Media volumes in cell culture and organ constructs. A) A representation of the typical spherical volumes occupied by a single cell (~1 pL) and the media that is required to keep that cell viable for one day is a thousand times larger (~1 nL). B) Cells cultured in a well plate with daily media changes, wherein the volume of media is 1000 times the cell volume and hence the media height is approximately 10 mm, which results in a dilution of dynamic metabolites and paracrine and autocrine signals by a factor of one thousand.

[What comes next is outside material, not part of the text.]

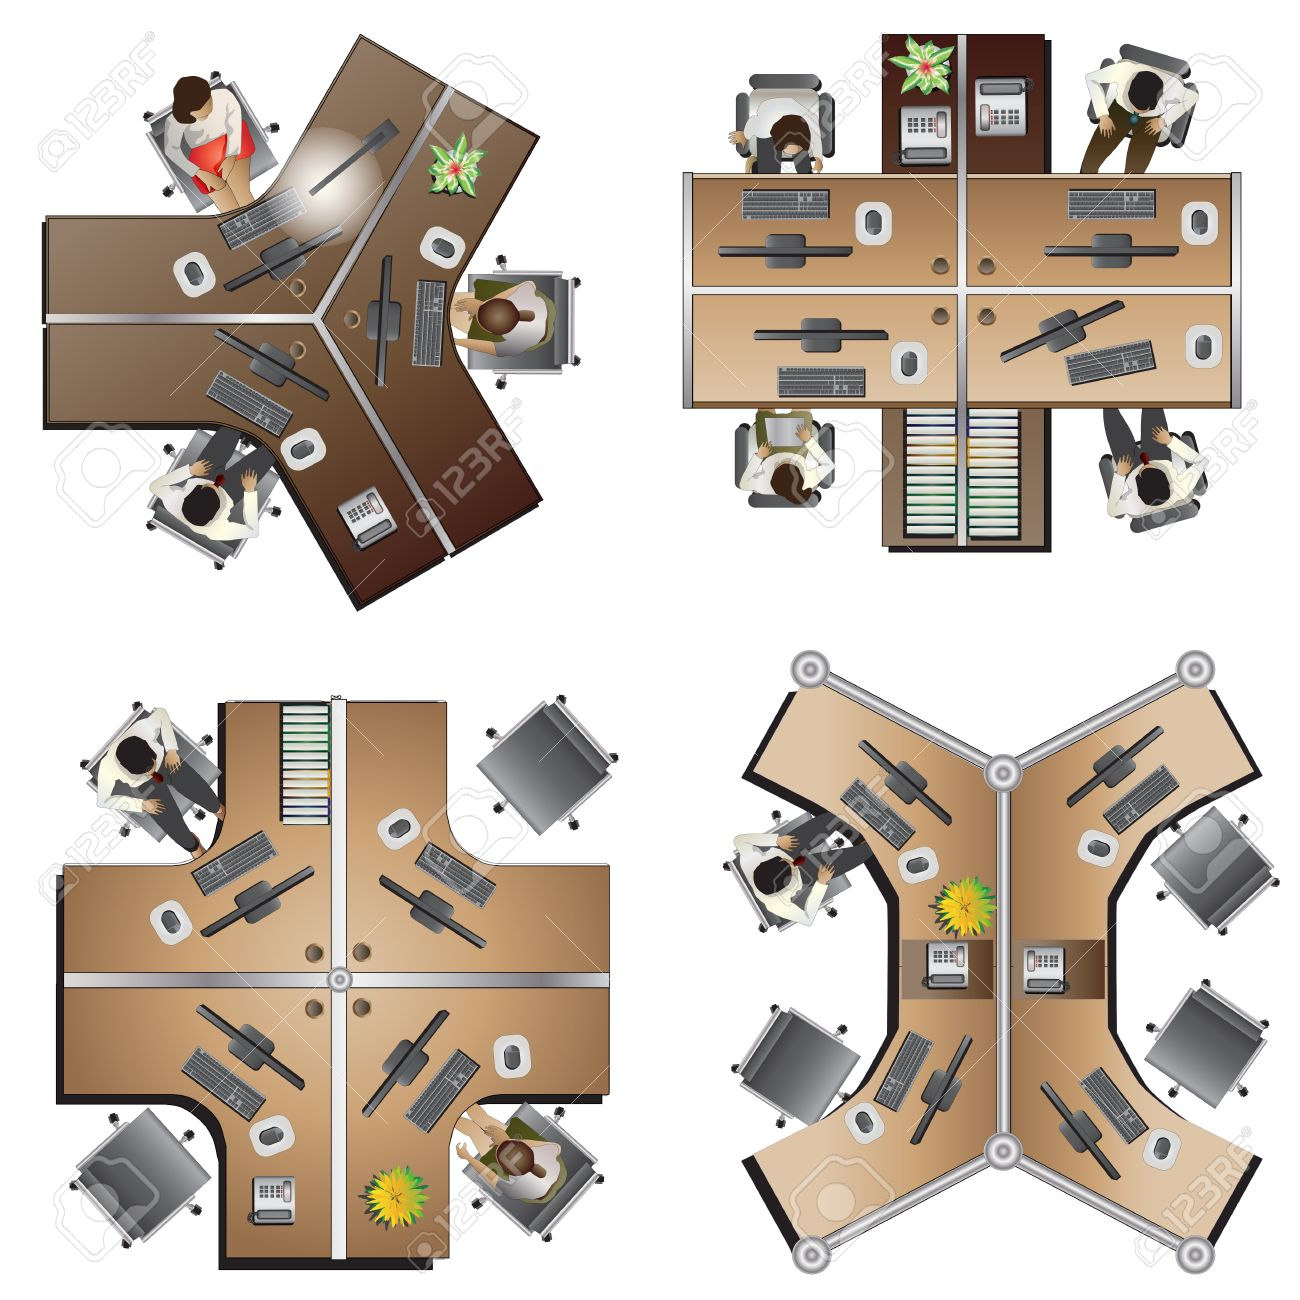 Office furniture top view - Office Furniture Top View Set 8 For Interior Vector Illustration Stock Vector 45840738

C) An organ construct grown in a microfluidic device with reservoirs that use gravity and height differences to superfuse the construct. The total system volume may lead to significant dilution of transient signaling molecules and metabolites. D) Coupled microphysiological systems in which each organ and the system’s fluid volume are scaled to the same functional size, and a low-volume, on-chip pump is used to recirculate the media and provide appropriate shear forces. The volume of the tubing and pump is comparable to the scaled, total human blood volume that includes both the vascular system and the missing organs. The mechanisms for delivery of O₂ and nutrients and removal of CO₂ and wastes are not shown. In (C) and (D), the cells will ideally be supported by an extracellular matrix that contains appropriate cell types to reflect the organ microenvironment and cellular heterogeneity.